The US FDA has sent a warning letter to Absolutely Natural of Melbourne, FL.

FDA conducted an inspection from April 22 to 24, 2025 where it found “significant violations” of Current Good Manufacturing Practice (CGMP) regulations for finished pharmaceuticals.

In the Dec. 30 letter, FDA said the company’s methods, facilities or controls for manufacturing, processing, packing or holding do not conform to CGMP. Therefore, its drug products are “adulterated” within the meaning of section 501(a)(2)(B) of the Federal Food, Drug, and Cosmetic Act (FD&C Act), 21 U.S.C. 351(a)(2)(B).

The FDA reviewed the company’s May 15, 2025 response to our Form FDA 483 in detail and acknowledge receipt of subsequent correspondence.

During the inspection, FDA investigators observed specific violations including, but not limited to, the following:

“Your firm failed to thoroughly investigate any unexplained discrepancy or failure of a batch or any of its components to meet any of its specifications, whether or not the batch has already been distributed (21 CFR 211.192).

“You manufacture (b)(4) over-the-counter (OTC) non-sterile drug products, including those labeled for use in (b)(4).

“You failed to conduct an adequate investigation in July 2024 when a batch of drug product failed microbiological testing due to out-of-specification (OOS) results for both total plate count and Pseudomonas aeruginosa. Although you rejected the batch, you failed to adequately assess the root cause of the microbiological contamination, and you failed to extend the investigation to additional batches that may also have been affected.

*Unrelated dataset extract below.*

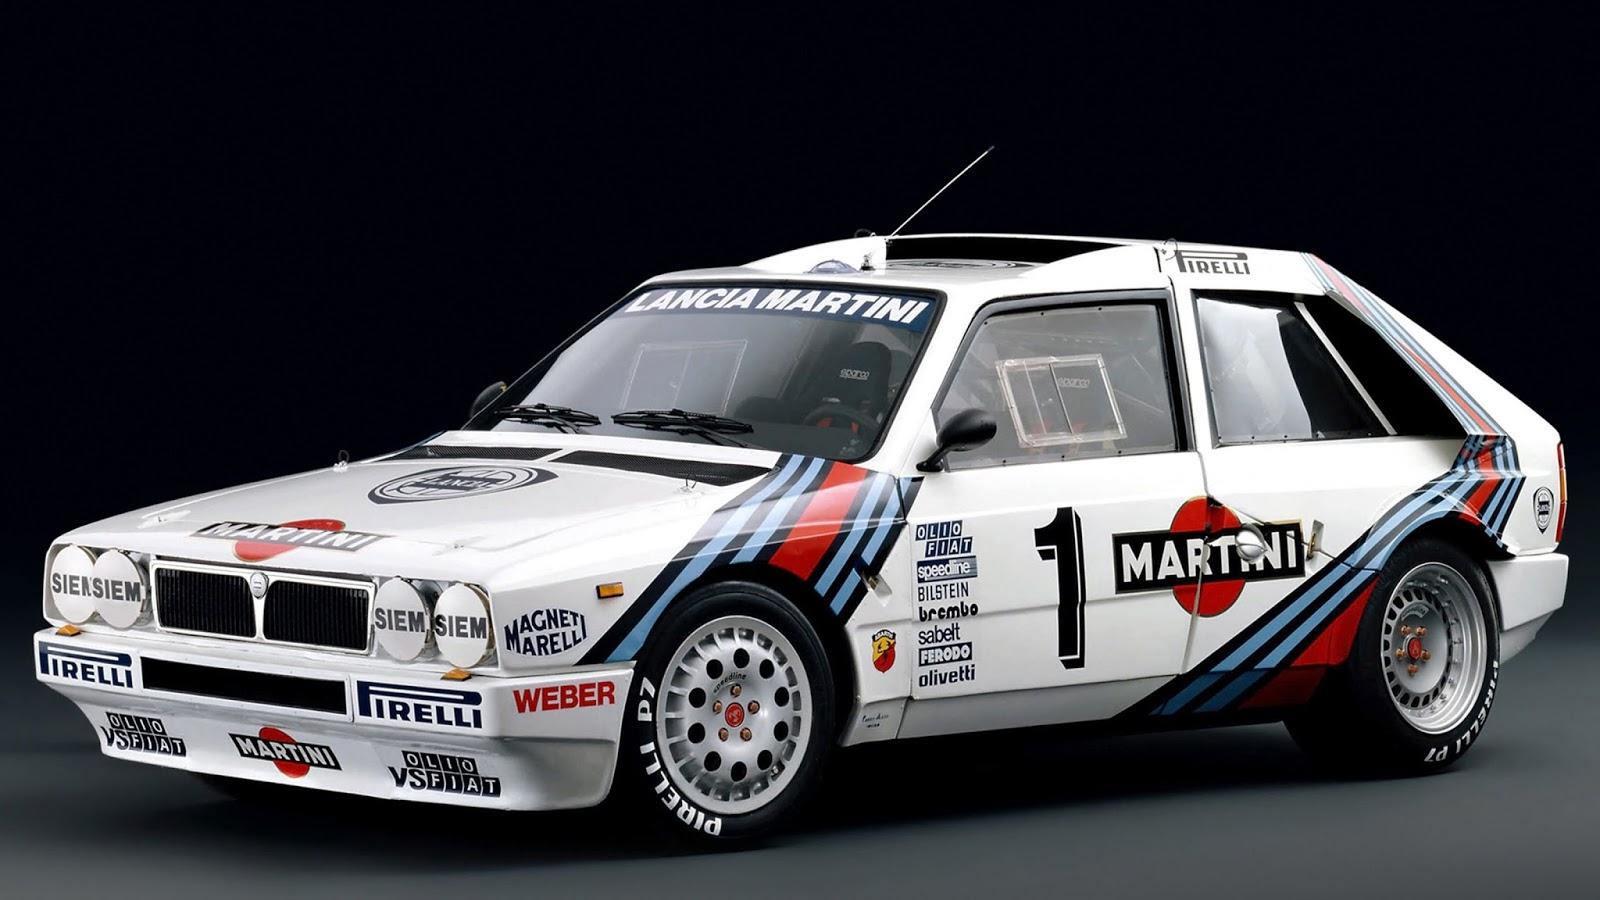 Δεν υπάρχει πιο «αντρικό» αυτοκίνητο από την Lancia Delta S4 Group B Group B, Lancia, Lancia Delta S4, Lancia Delta S4 Group B, turbo lag, videos, zblog

“It is necessary to conduct a thorough, well documented, and scientifically sound investigation to identify the root cause of an OOS, to evaluate all potentially affected batches, and to implement a timely and effective corrective actions and preventive actions (CAPA) plan.

“In your response, you described the following activities that you initiated after the inspection: (1) You performed a risk analysis; (2) you initiated an investigation into the OOS incident noted above; (3) you revised your OOS investigation procedure to include root-cause determination; (4) you retrained personnel on revised procedures; and (5) you conducted a retrospective review of OOS results.

“Your response is inadequate because your investigation did not adequately assess additional drug products that may have been affected by this microbiological contamination. Additionally, your response lacks sufficient details about your retrospective review of OOS results.

Cosmetics Manufactured for Distribution in the U.S.

According to the FDA letter: “In addition, some of the products you manufacture may be regulated as cosmetics, as defined in section 201(i) of the FD&C Act [21 U.S.C. 321(i)]. Any cosmetics you manufacture must comply with applicable statutory and regulatory requirements, including the FD&C Act. We note that under section 301(a) of the FD&C Act [21 U.S.C. 331(a)], it is a prohibited act to introduce or deliver for introduction into interstate commerce a cosmetic that is adulterated or misbranded.

“We also note that the Modernization of Cosmetics Regulation Act of 2022 (MoCRA) provides new requirements with which facilities that manufacture cosmetic products must comply. You may find the FD&C Act, MoCRA, and FDA’s regulations through links on FDA’s website at www.fda.gov.”